Three weeks ago I looked at GDP and the personal savings rate. This week I’ll look at per hour GDP. Readers should understand that this is what some economists would call a messy data set. I have made some assumptions about the number of hours worked per employee. The BLS publishes average hours worked for manufacturing employees and I made a guesstimate that the average for all workers is about 90% of that. The number of part time employees who do not work this amount of hours offsets the unreported hours of the self-employed. I am less concerned about the absolute accuracy of the GDP output per hour worked but that any inaccuracies be fairly consistent. The trend is more important than the actual numbers. What can we learn when output per hour flattens or declines? Below is a graph of sixty five years.

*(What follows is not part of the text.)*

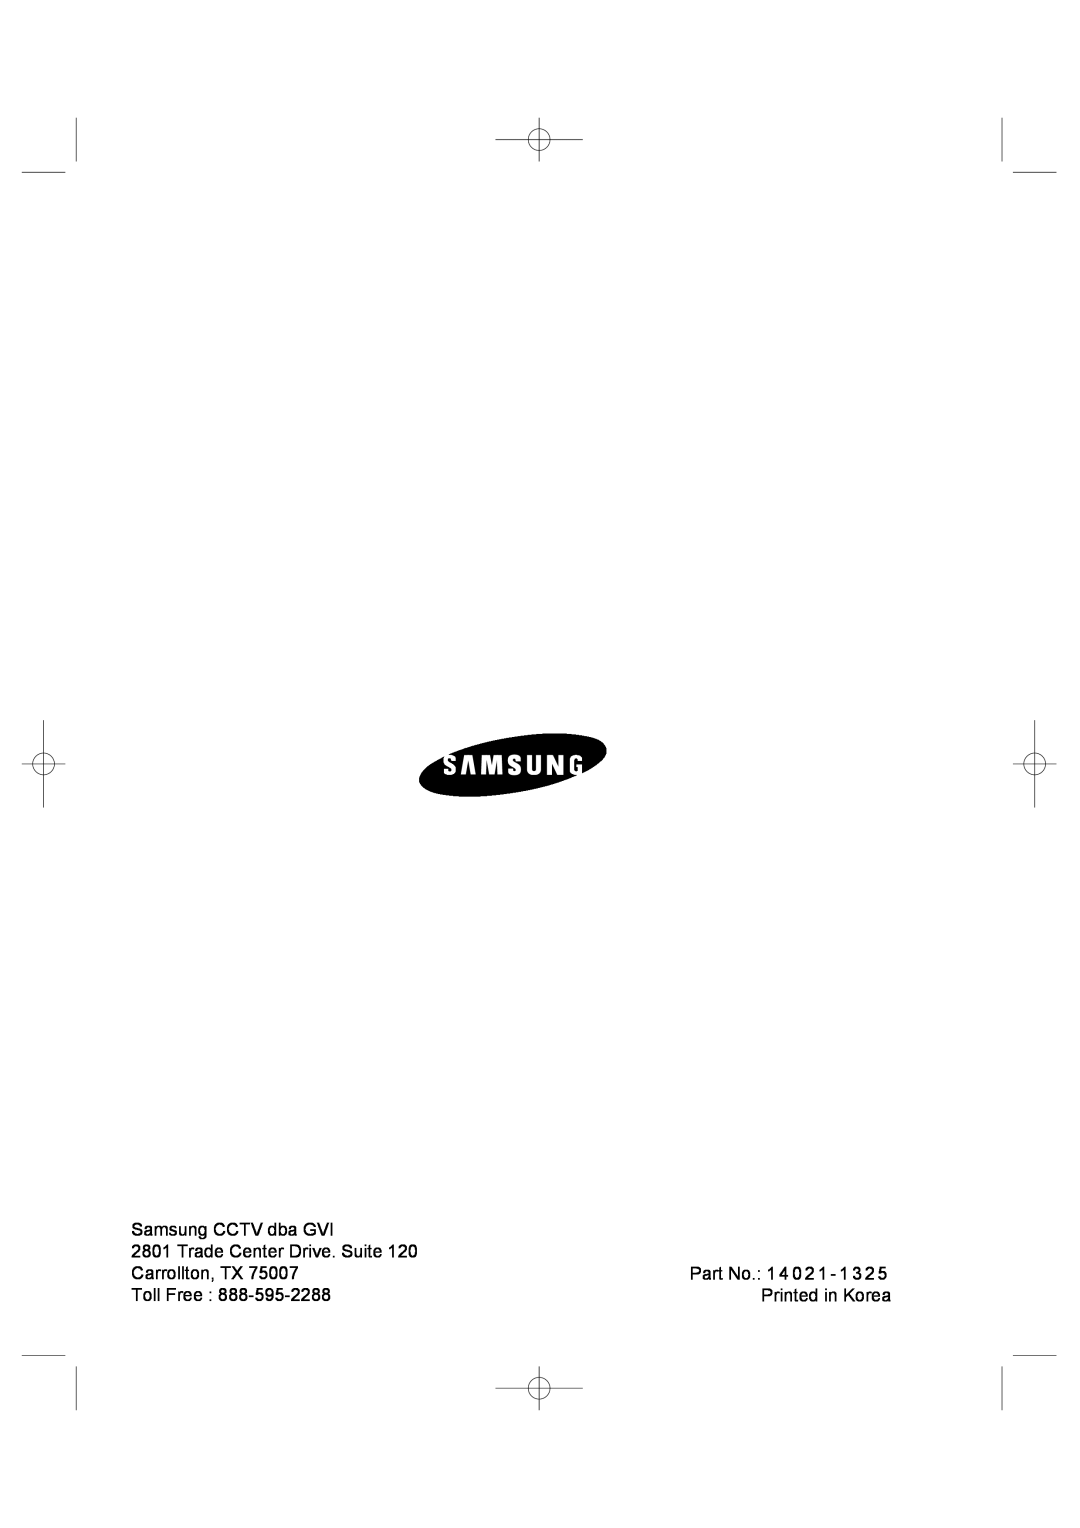 Samsung SSC17WEB manual Samsung CCTV dba GVI, Trade Center Drive. Suite, Carrollton, TX, Toll Free, Part No. 1 4 0 2 1 - 1

We can see that flat growth tends to precede recessions but there is no definite pattern where we can say with any confidence that a flattening or decline in per hour GDP necessarily precludes a recession. If we zoom in on the past thirty years, we do notice that the preceding decade has been marked by long periods of flat growth. More importantly, the recovery from this past recession is marked by the longest period of flat growth in the history of the series.
The summer of 2009 marked the official end of this past recession. For five years there has been no increase in real GDP per hour worked. For a few years following a recession in the early 1990s, per hour GDP flattened before taking off in the late 1990s.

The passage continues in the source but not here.